++++ COLLECTED MATERIAL

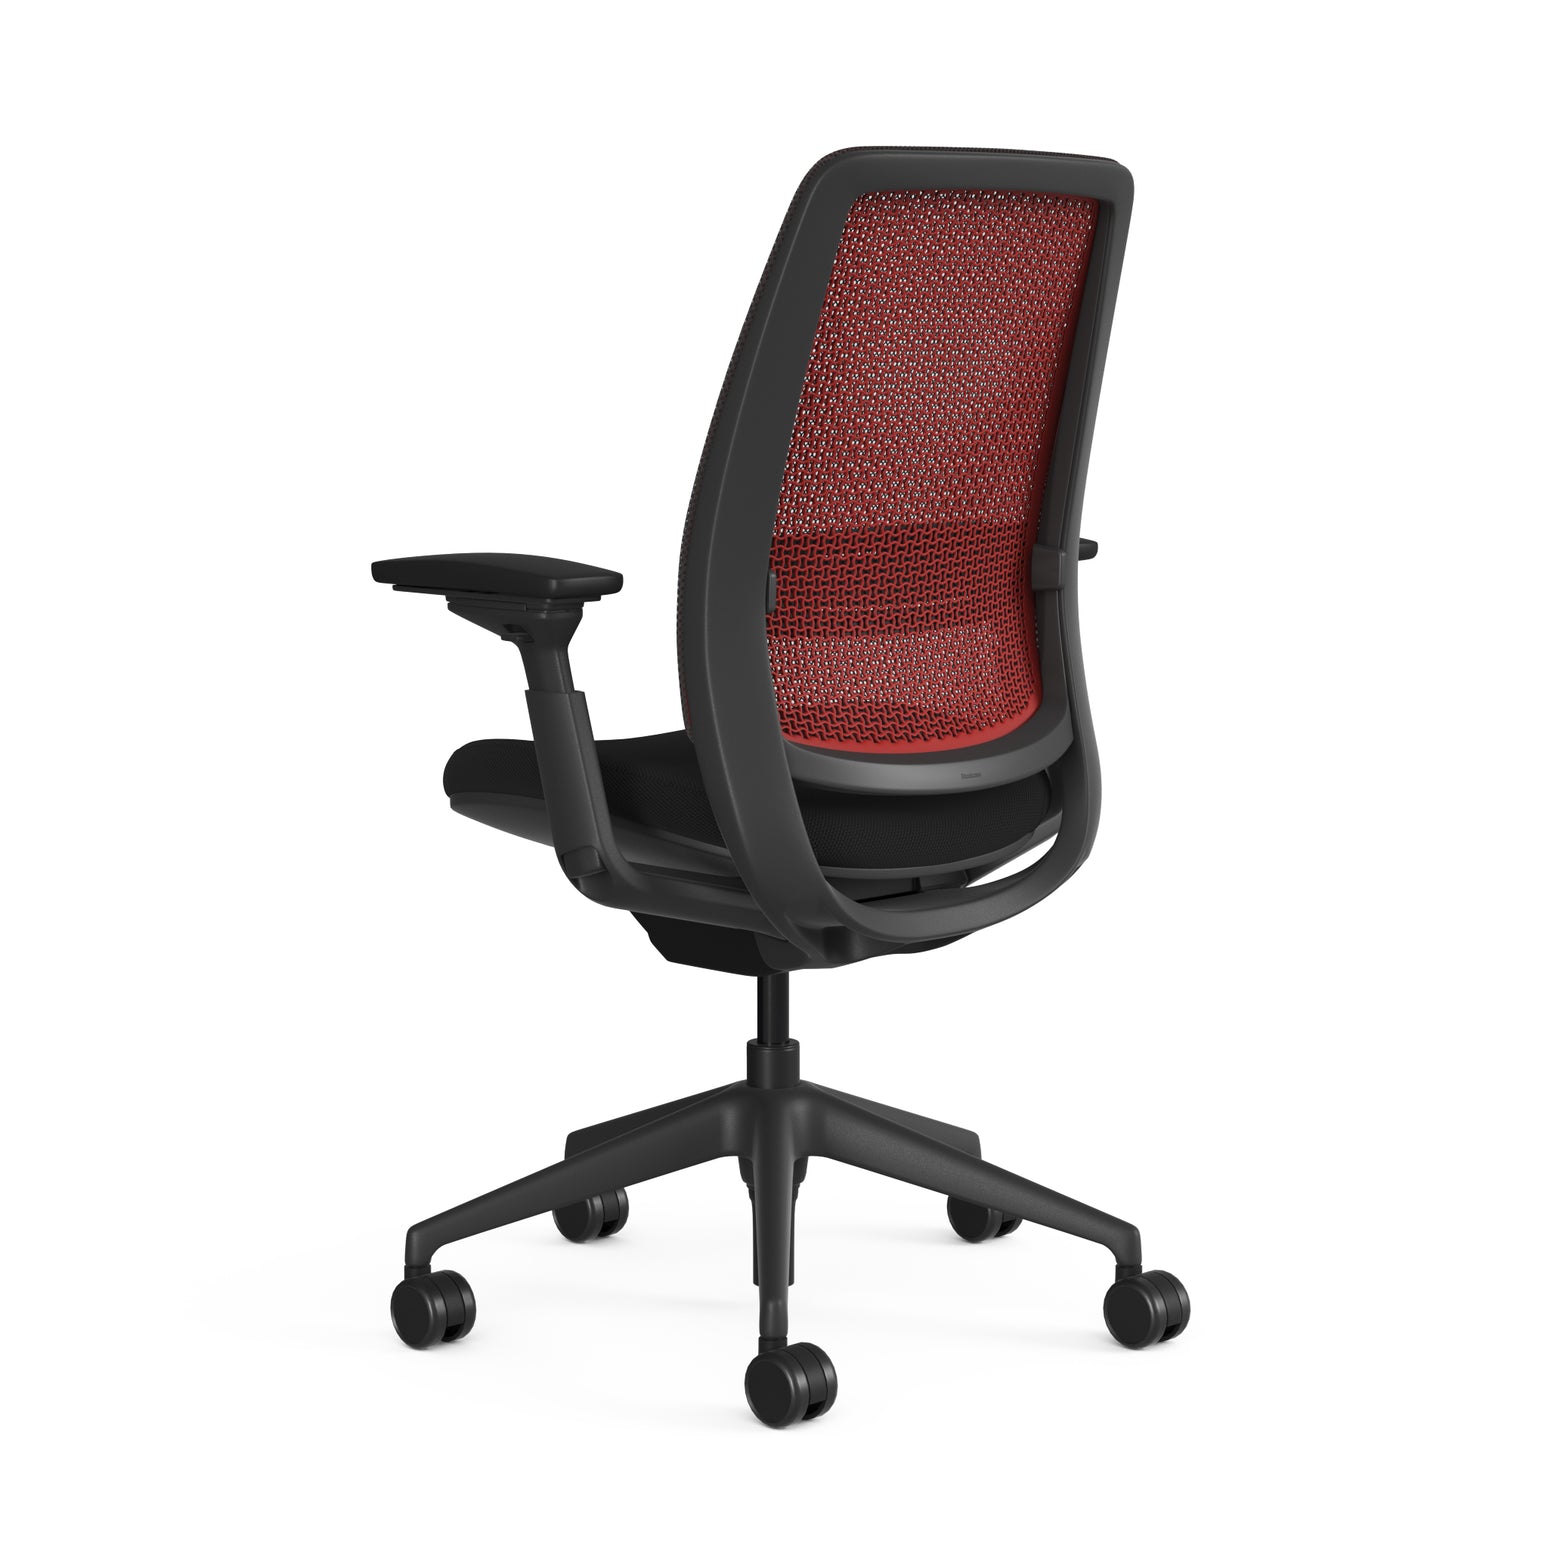 Meshback 3D Microknit Scarlet; Adjustable Lumbar; Seat Cogent Connect Licorice; Frame Black
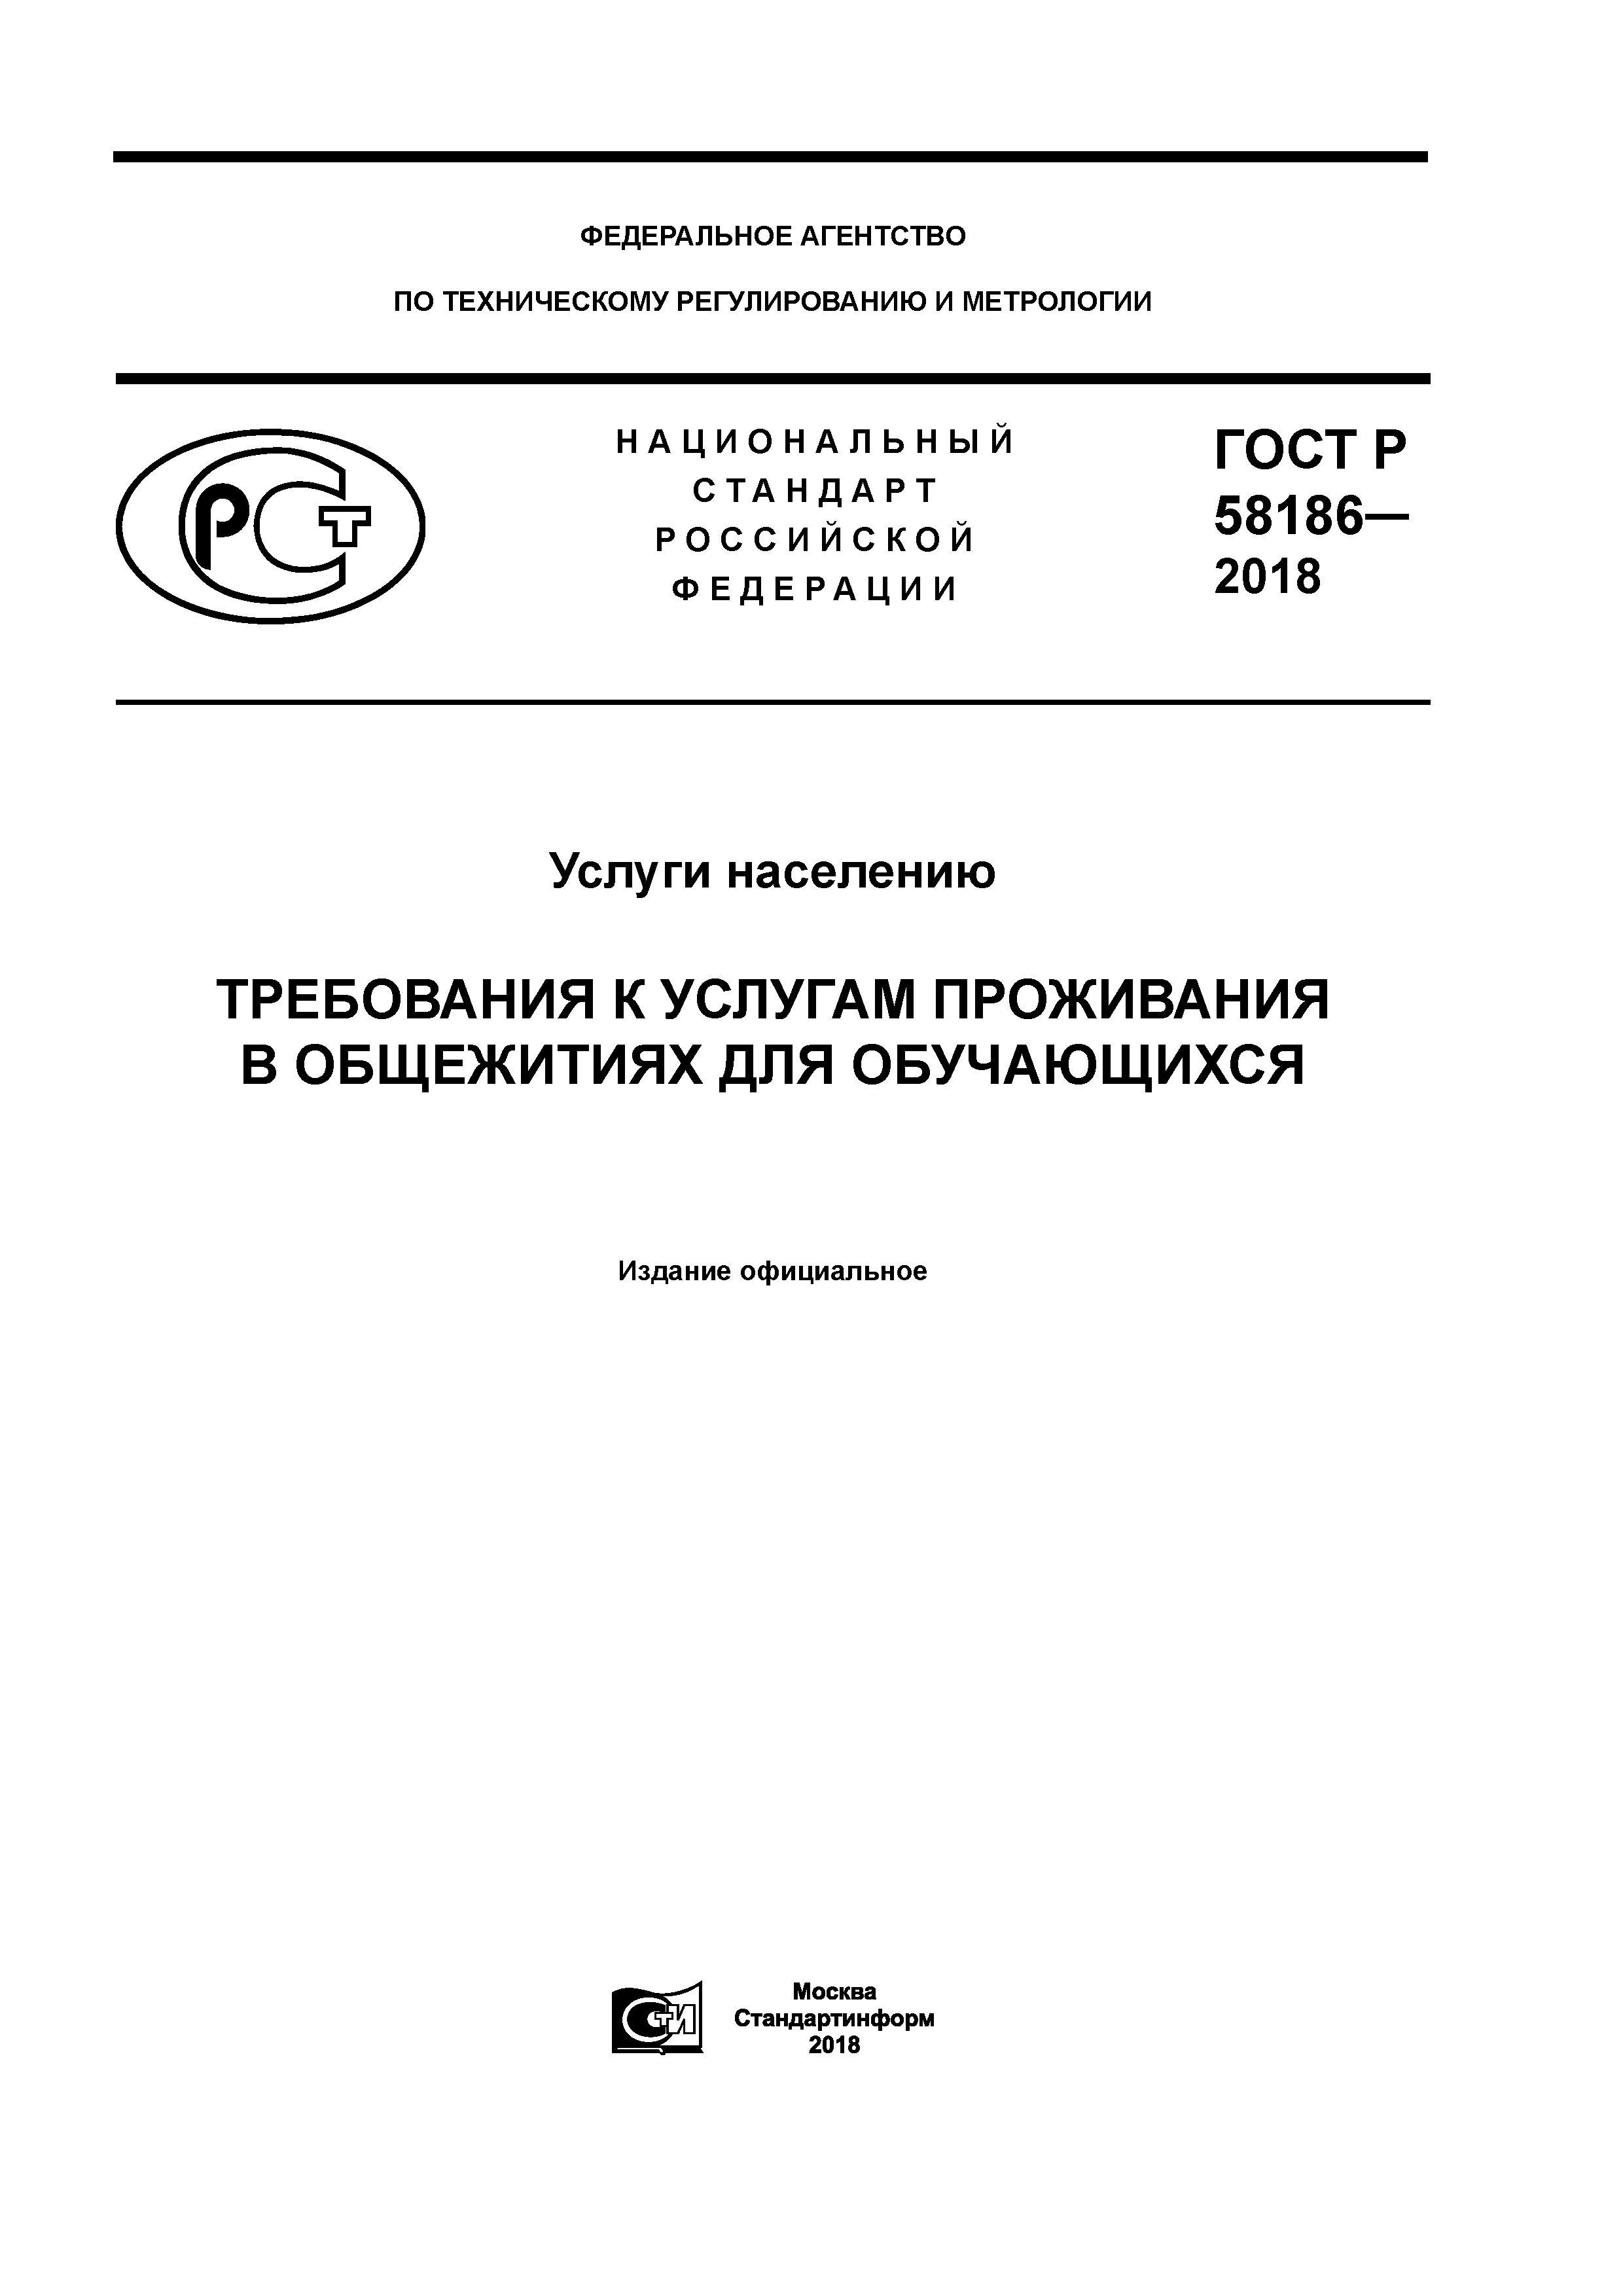 ГОСТ Р 58186-2018
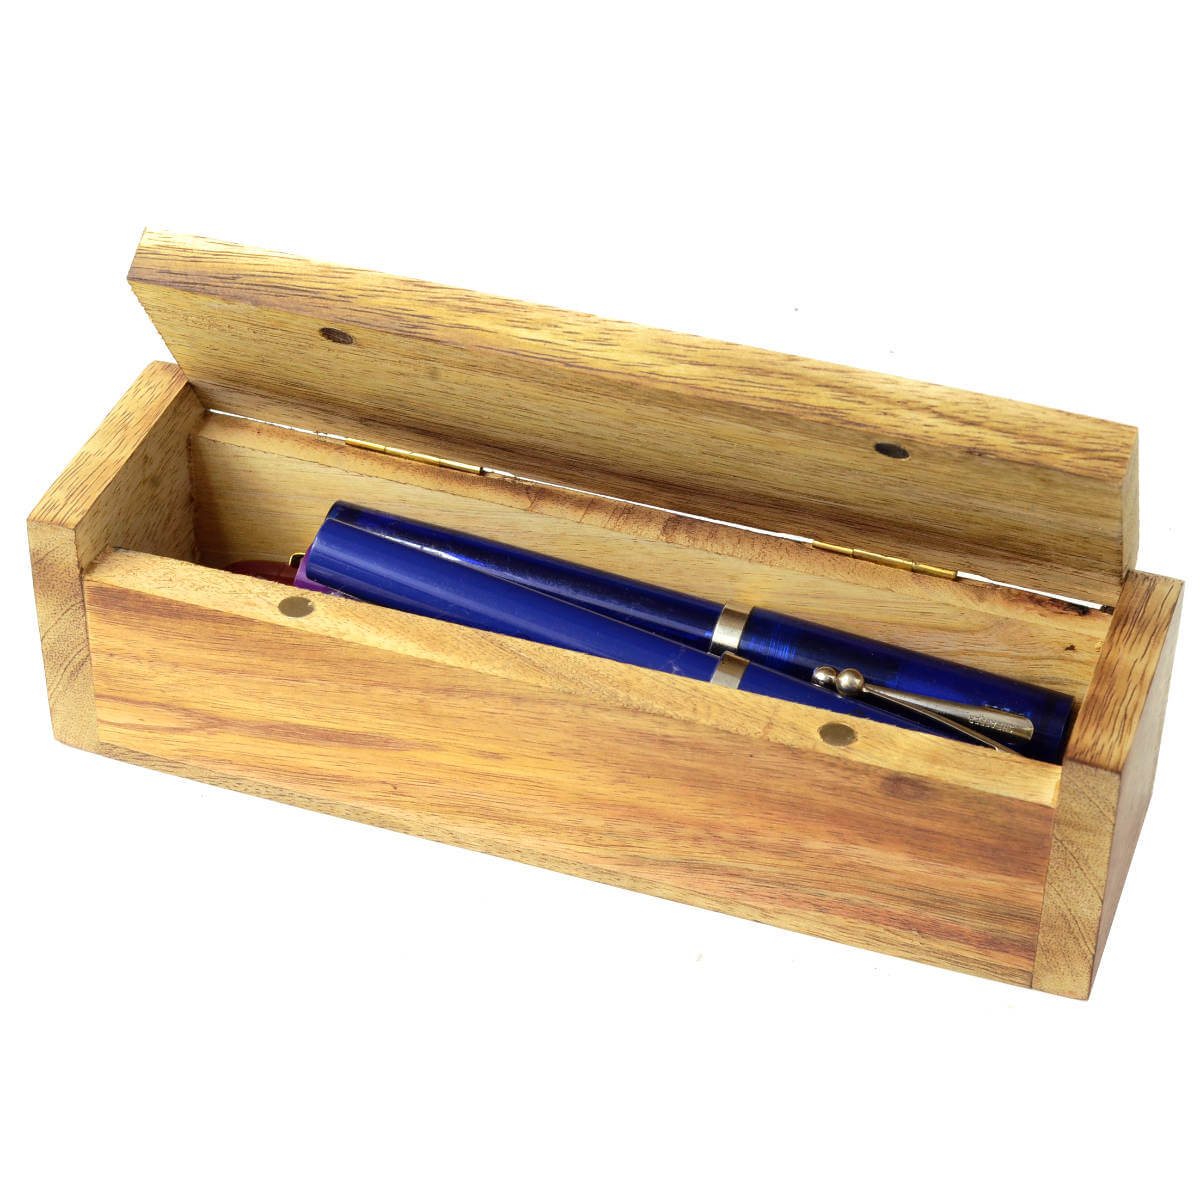 Solid wood pen box – 5 pens storage

++++++++

TO DO: Full copy, no pictures: write out each line of the data exactly as it stands.

REPLY TO THE EXERCISE:
 Meshback 3D Microknit Scarlet; Adjustable Lumbar; Seat Cogent Connect Licorice; Frame Black
 ГОСТ Р 58186-2018
 Solid wood pen box – 5 pens storage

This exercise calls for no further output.